Exercise:
Lines outside the range are not wanted. Give again exactly the lines between the line holding "Fotel koktajlowy z" and the line holding "Частотное регулирование УПД", inclusive, from the listing below.

Supplied material:
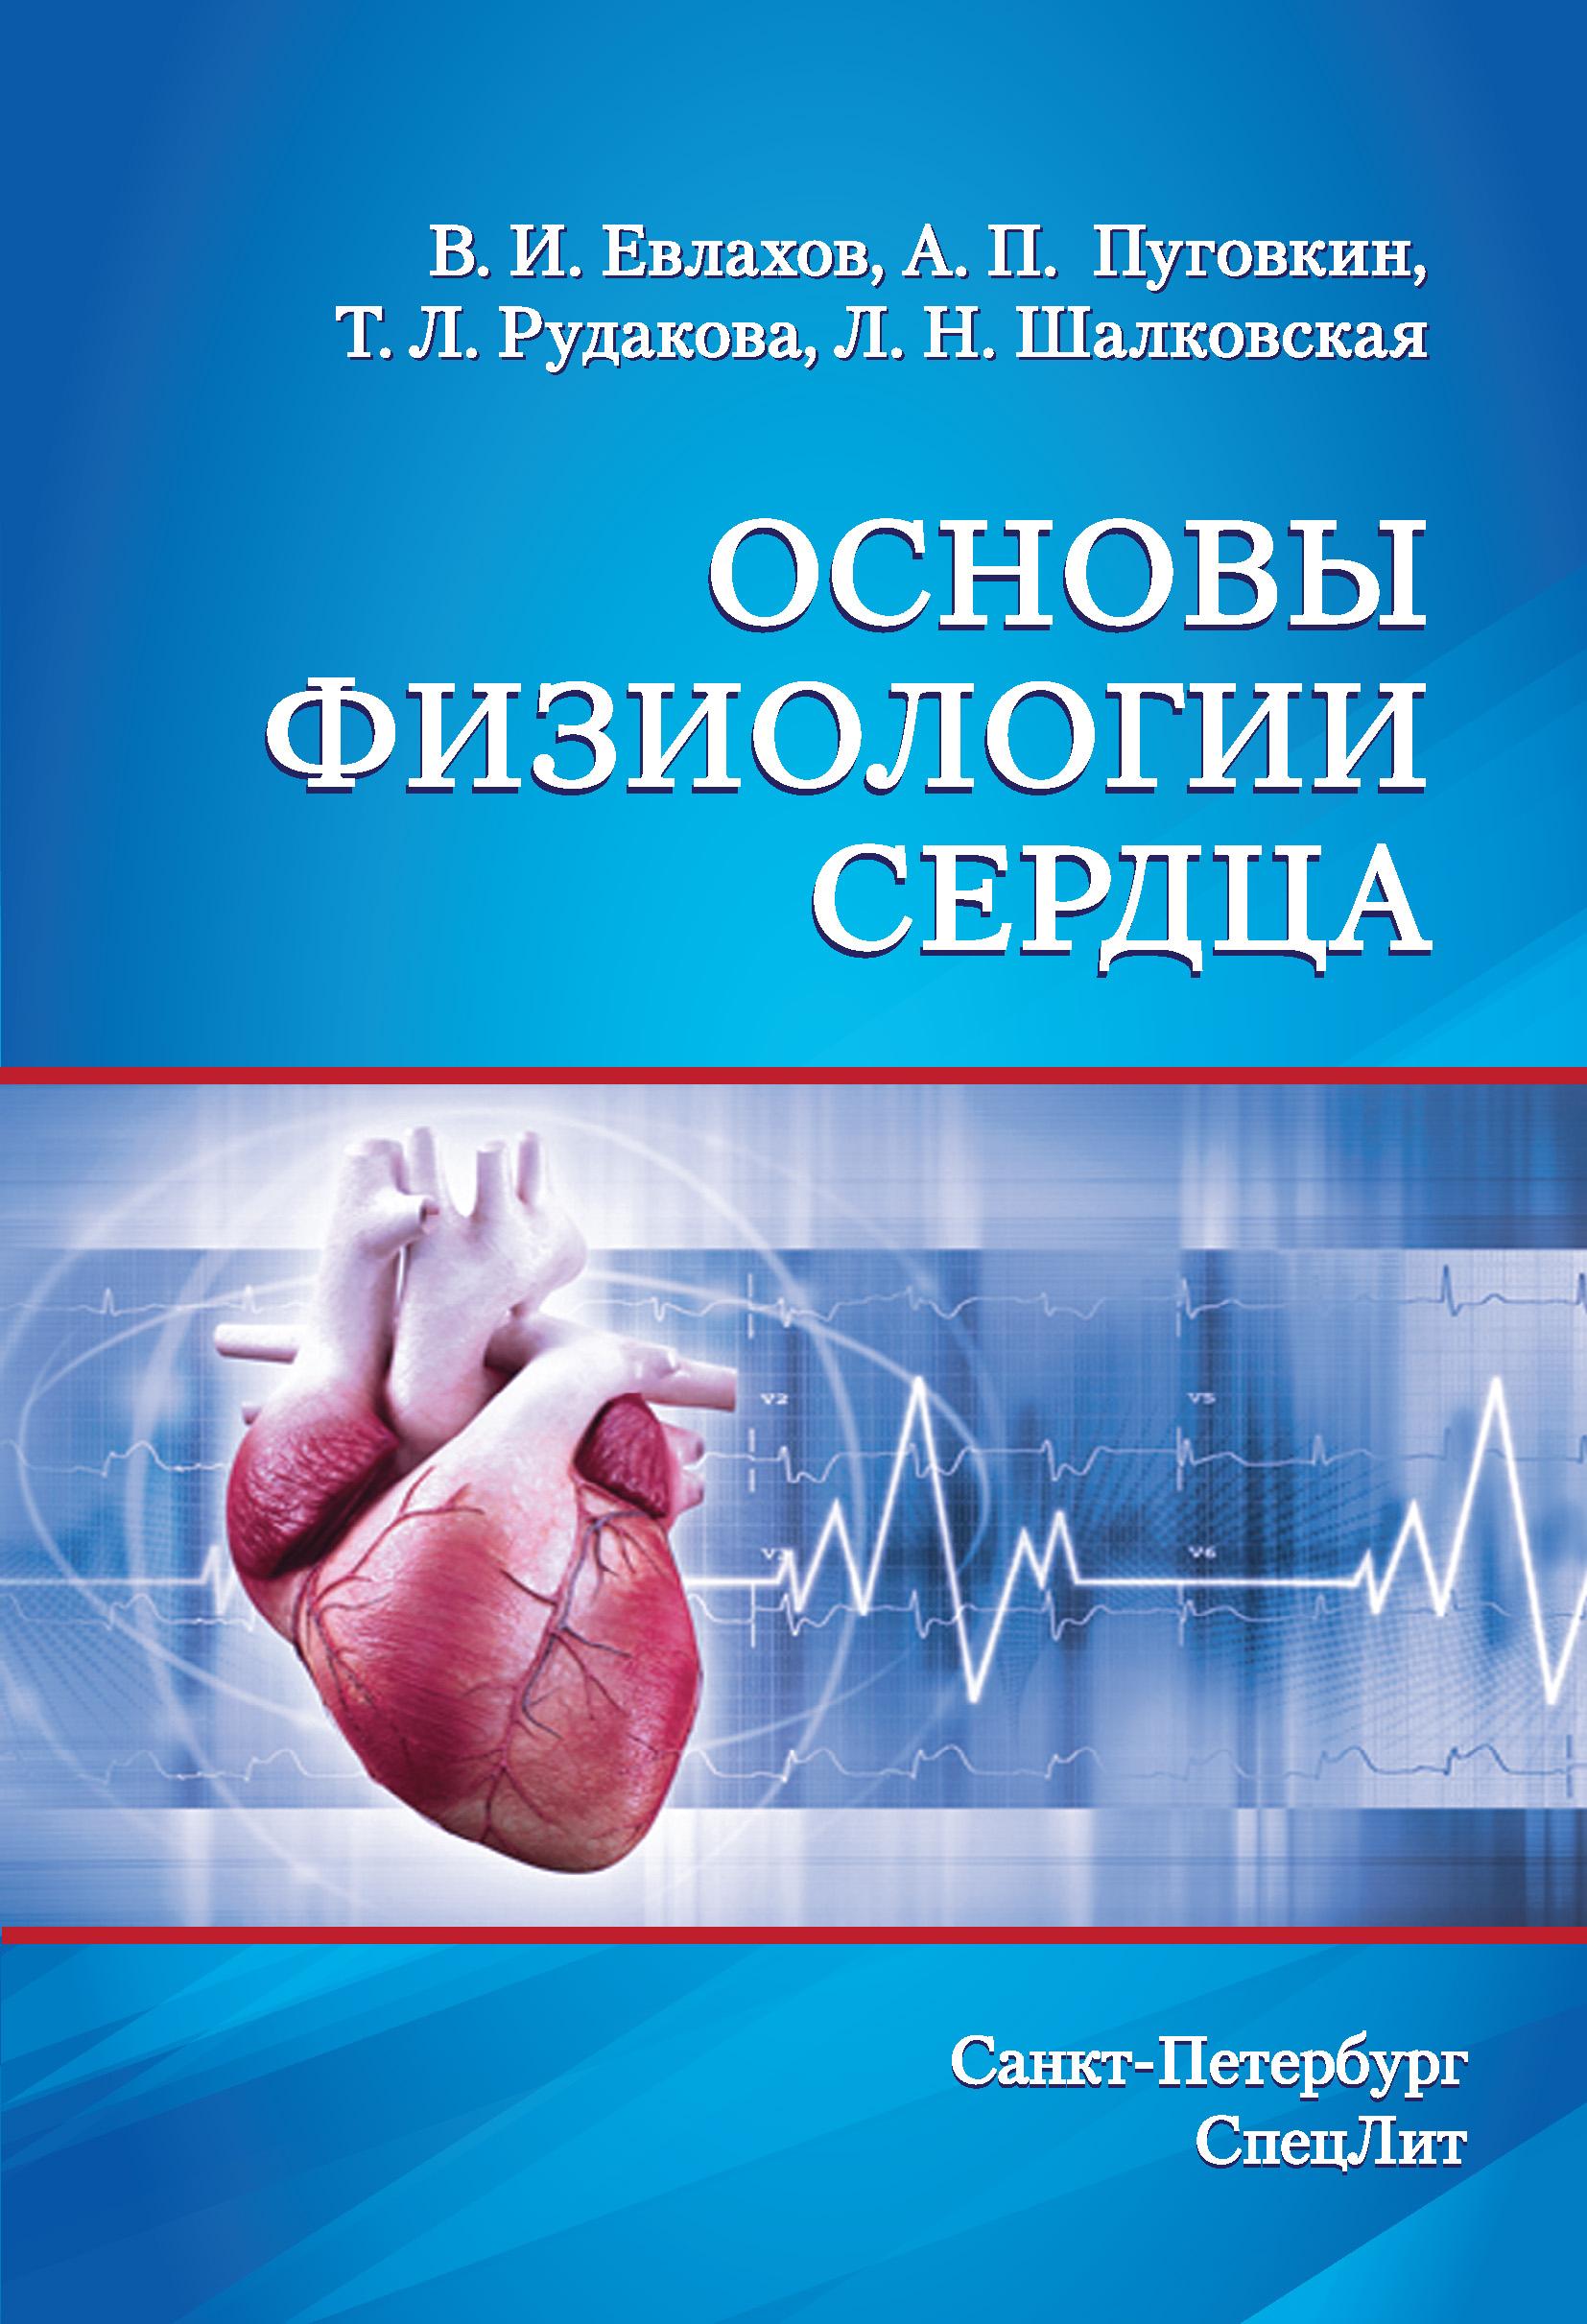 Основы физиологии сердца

* * *

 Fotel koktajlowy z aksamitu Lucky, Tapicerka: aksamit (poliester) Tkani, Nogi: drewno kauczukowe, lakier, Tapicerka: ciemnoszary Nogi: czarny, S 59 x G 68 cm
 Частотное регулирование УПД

---

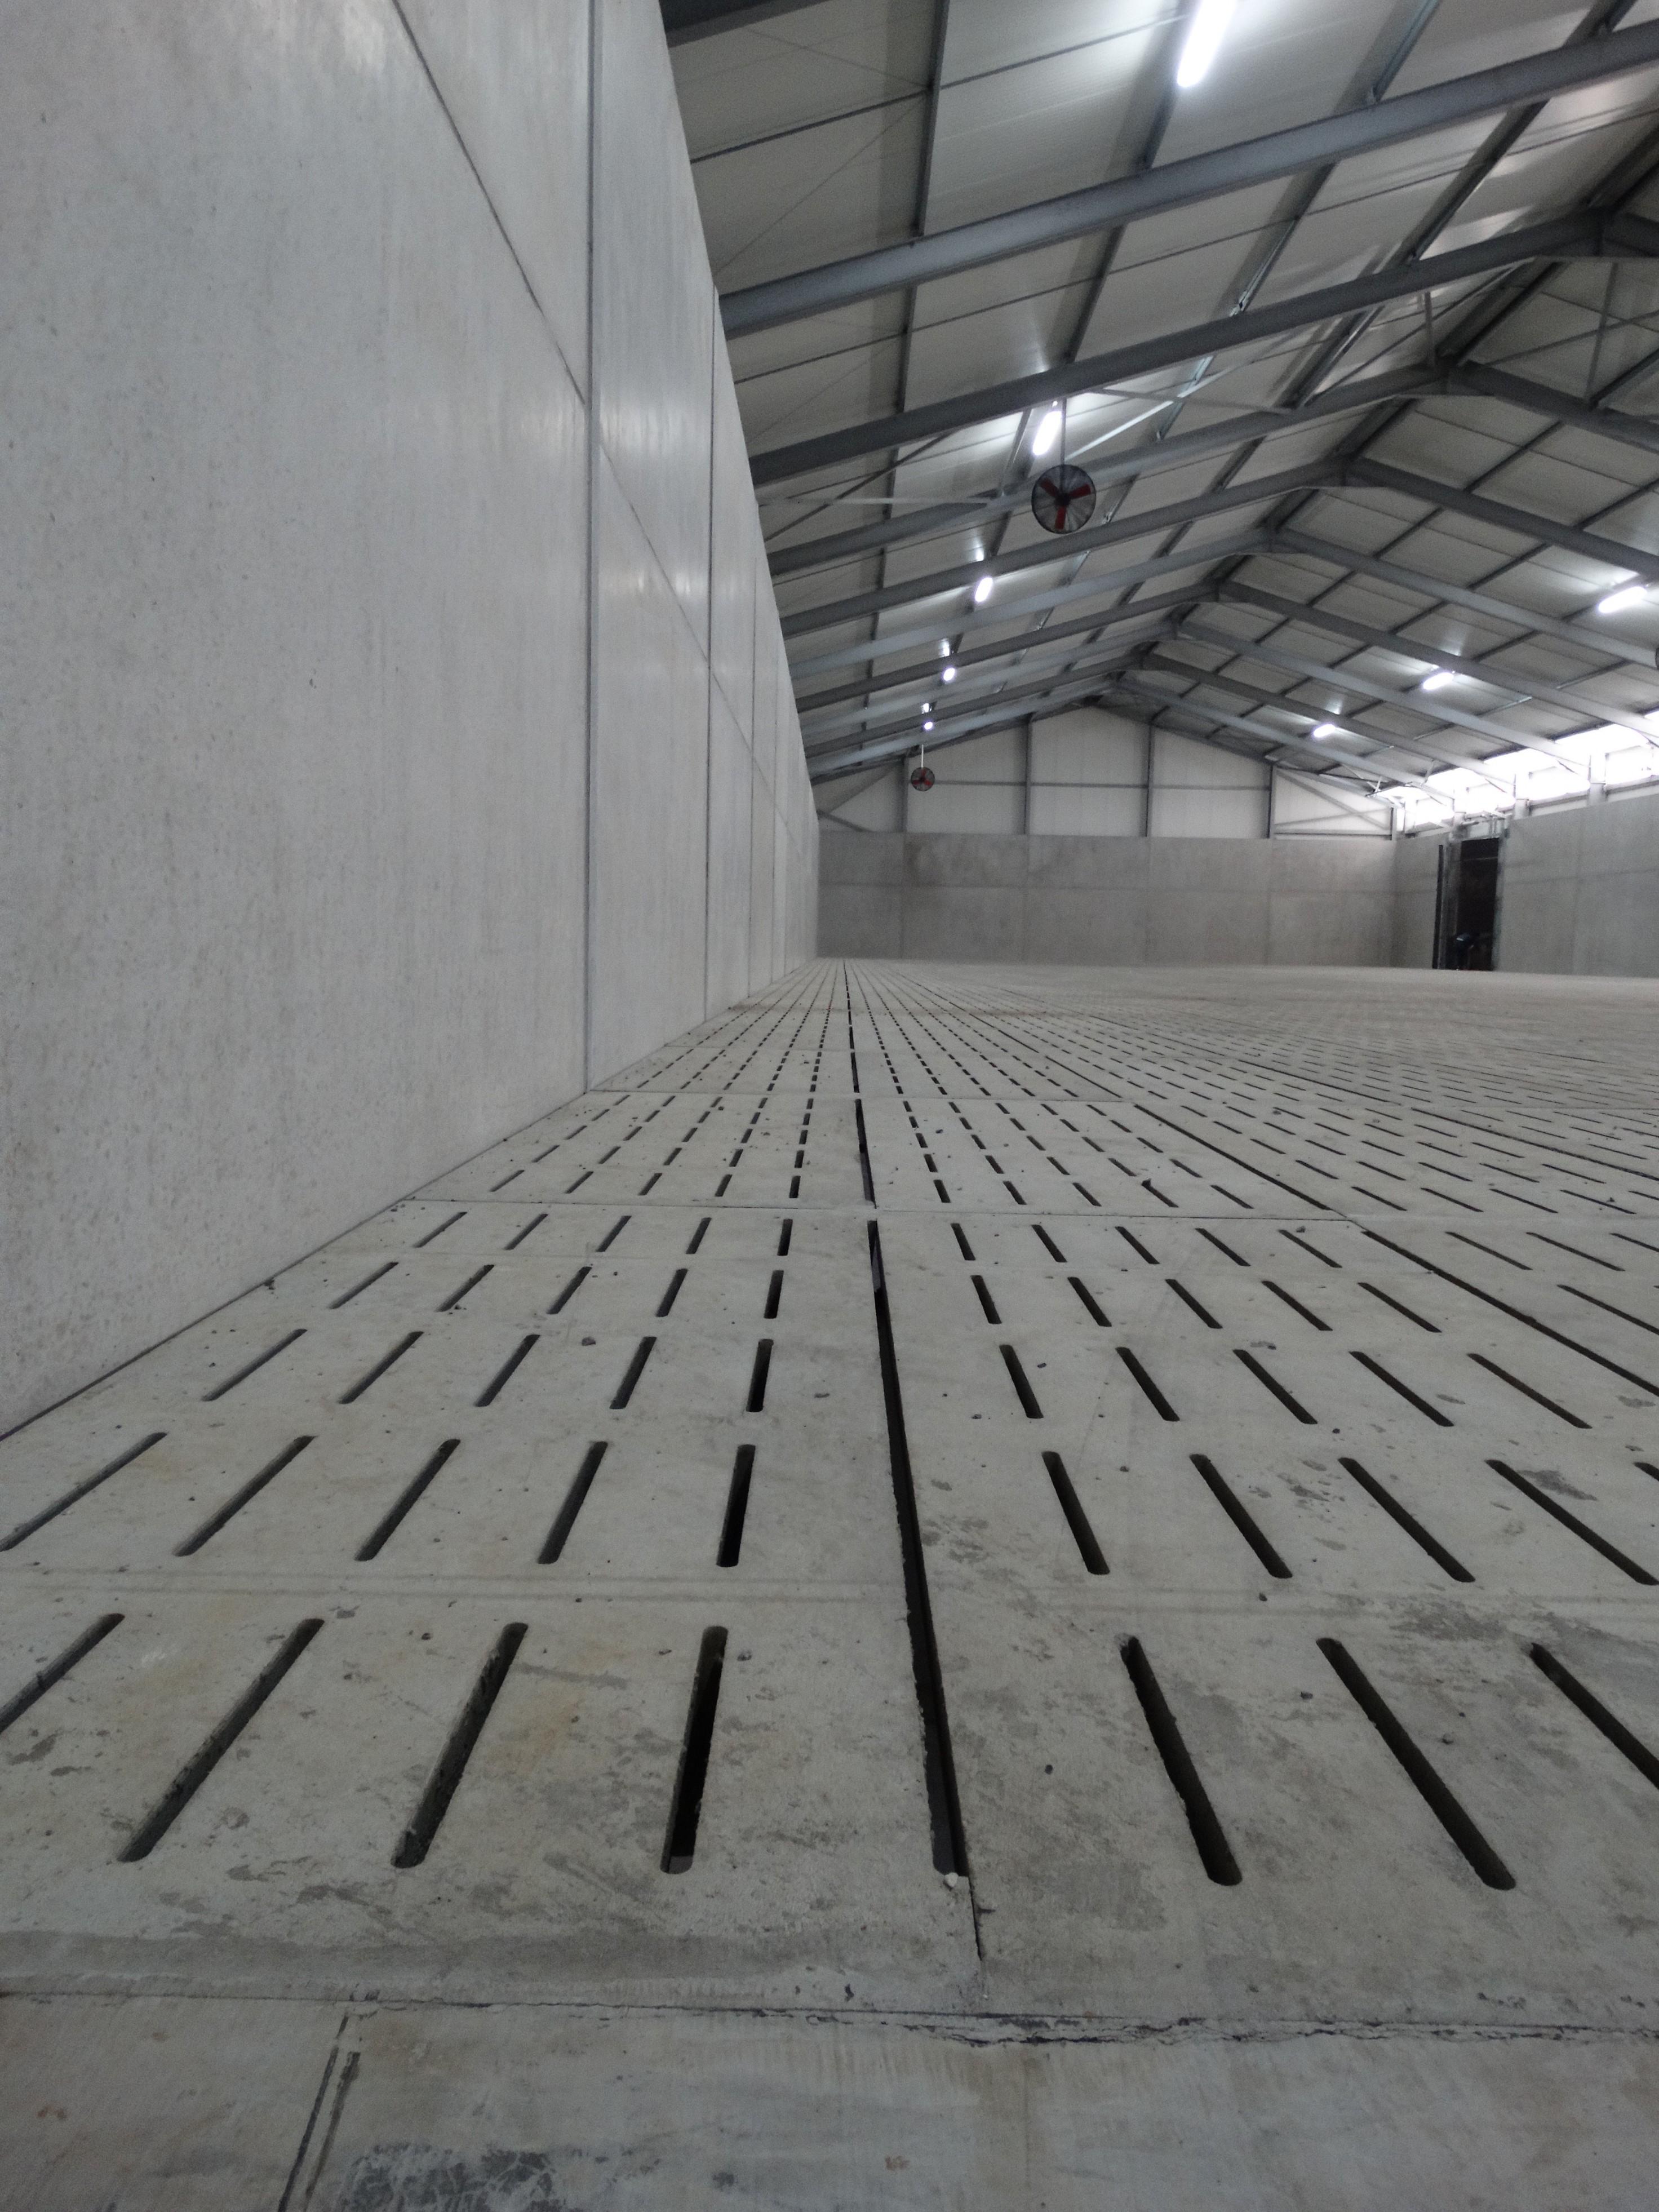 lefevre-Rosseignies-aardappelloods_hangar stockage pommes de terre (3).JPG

Exercise answer:
 Fotel koktajlowy z aksamitu Lucky, Tapicerka: aksamit (poliester) Tkani, Nogi: drewno kauczukowe, lakier, Tapicerka: ciemnoszary Nogi: czarny, S 59 x G 68 cm
 Частотное регулирование УПД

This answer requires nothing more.